Solve. Check for extraneous solutions.
1) (/3x+7) = x-1
2) (3/2x)-3=9
Note: (/3x+7) is the square root of 3x plus 7 and (3/2x)-3=9 is 3 times the square root of 2x - 3 equals 9.
Let's solve the equations step by step:
1) (√(3x + 7)) = x - 1
Step 1: Square both sides of the equation to eliminate the square root.
(√(3x + 7))^2 = (x - 1)^2
Step 2: Simplify.
3x + 7 = x^2 - 2x + 1
Step 3: Rearrange the equation in quadratic form.
x^2 - 2x + 1 - 3x - 7 = 0
x^2 - 5x - 6 = 0
Step 4: Factor the quadratic equation.
(x - 6)(x + 1) = 0
Step 5: Set each factor equal to zero and solve for x.
x - 6 = 0 or x + 1 = 0
x = 6 or x = -1
Now, let's check for extraneous solutions by substituting the found solutions back into the original equation:
For x = 6:
√(3(6) + 7) = 6 - 1
√(25) = 5
5 = 5 (True)
For x = -1:
√(3(-1) + 7) = -1 - 1
√(4) = -2
2 = -2 (False)
Therefore, the only solution that satisfies the original equation is x = 6. x = -1 is an extraneous solution.
2) (3√(2x - 3)) - 3 = 9
Step 1: Add 3 to both sides of the equation.
(3√(2x - 3)) = 12
Step 2: Divide both sides of the equation by 3 to isolate the square root.
√(2x - 3) = 4
Step 3: Square both sides of the equation to eliminate the square root.
(√(2x - 3))^2 = 4^2
Step 4: Simplify.
2x - 3 = 16
Step 5: Add 3 to both sides of the equation.
2x = 19
Step 6: Divide both sides of the equation by 2 to solve for x.
x = 19/2
Now, let's check for extraneous solutions by substituting the found solution back into the original equation:
For x = 19/2:
(3√(2(19/2) - 3)) - 3 = 9
(3√(19 - 3)) - 3 = 9
(3√16) - 3 = 9
(3(4)) - 3 = 9
12 - 3 = 9
9 = 9 (True)
The solution x = 19/2 satisfies the original equation.

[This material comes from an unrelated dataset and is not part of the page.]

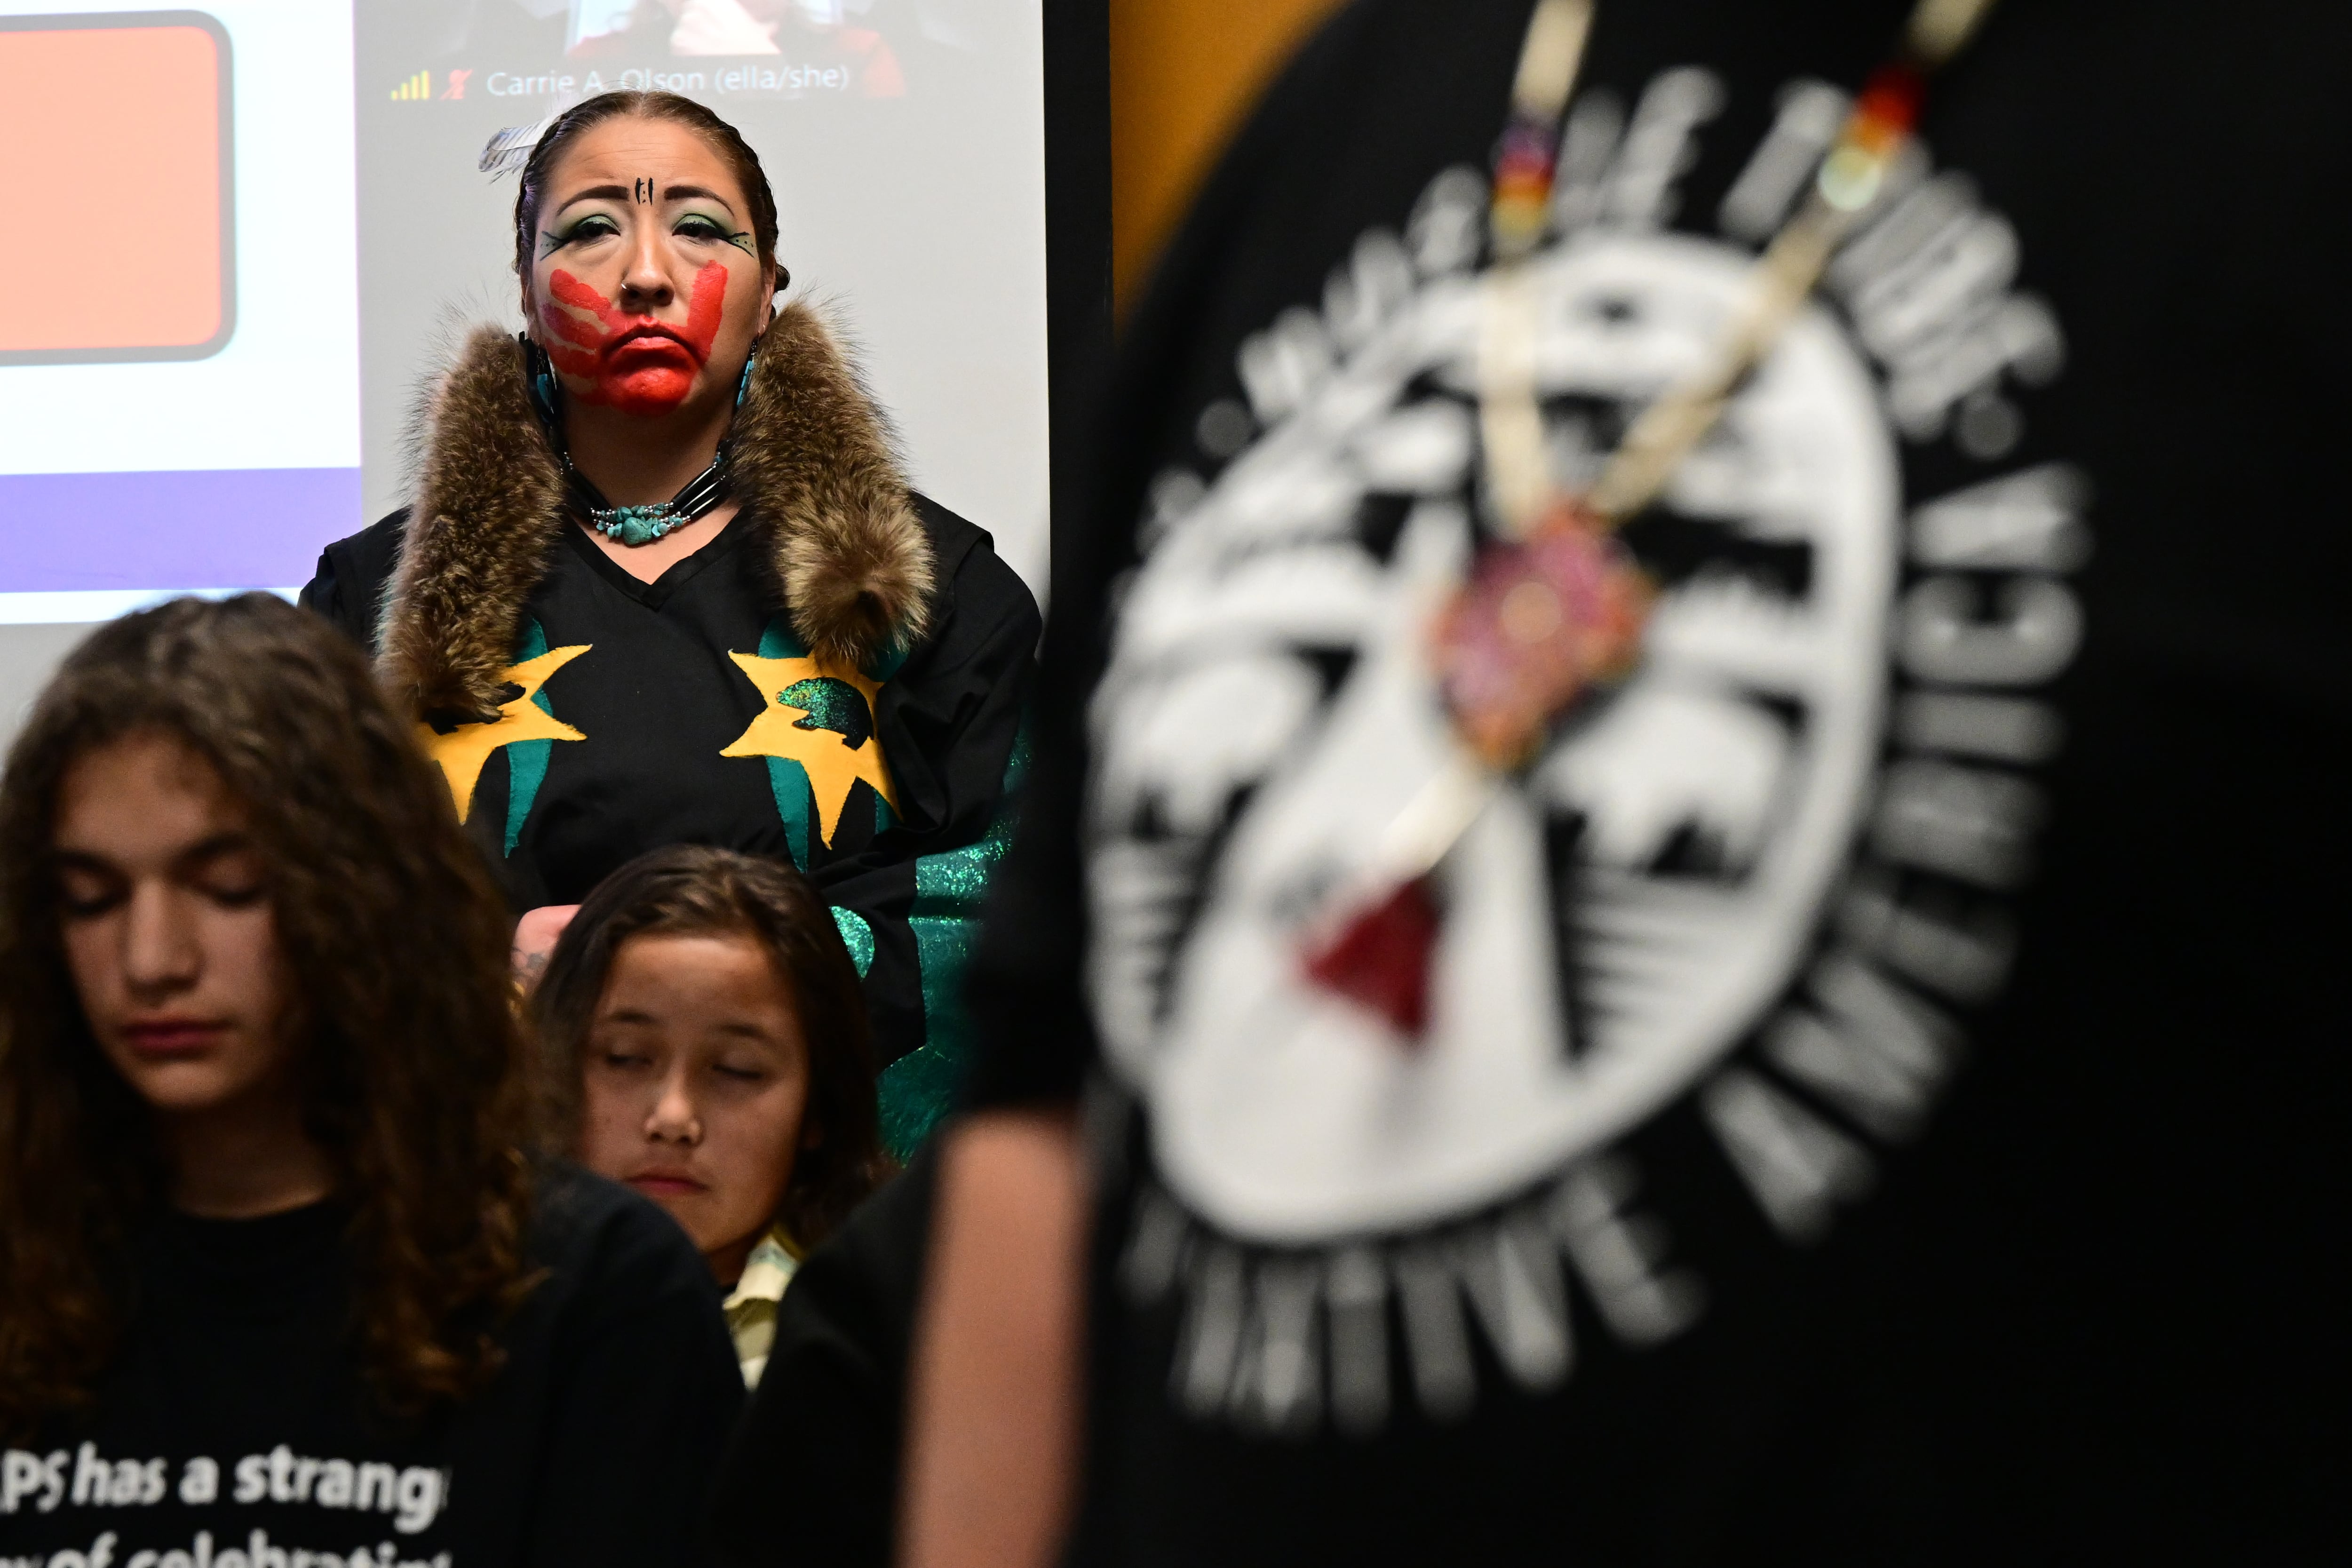 An Indigenous woman stands in the back of a crowded room listening to other speakers. She looks straight ahead. She has a large red handprint across her face. She is wearing a dark dress with yellow and blue stars.

To solve each equation and check for extraneous solutions, we will follow these steps:
Step 1: Isolate the radical term on one side of the equation.
Step 2: Square both sides of the equation.
Step 3: Solve the resulting equation.
Step 4: Check for extraneous solutions by substituting the obtained solutions back into the original equation.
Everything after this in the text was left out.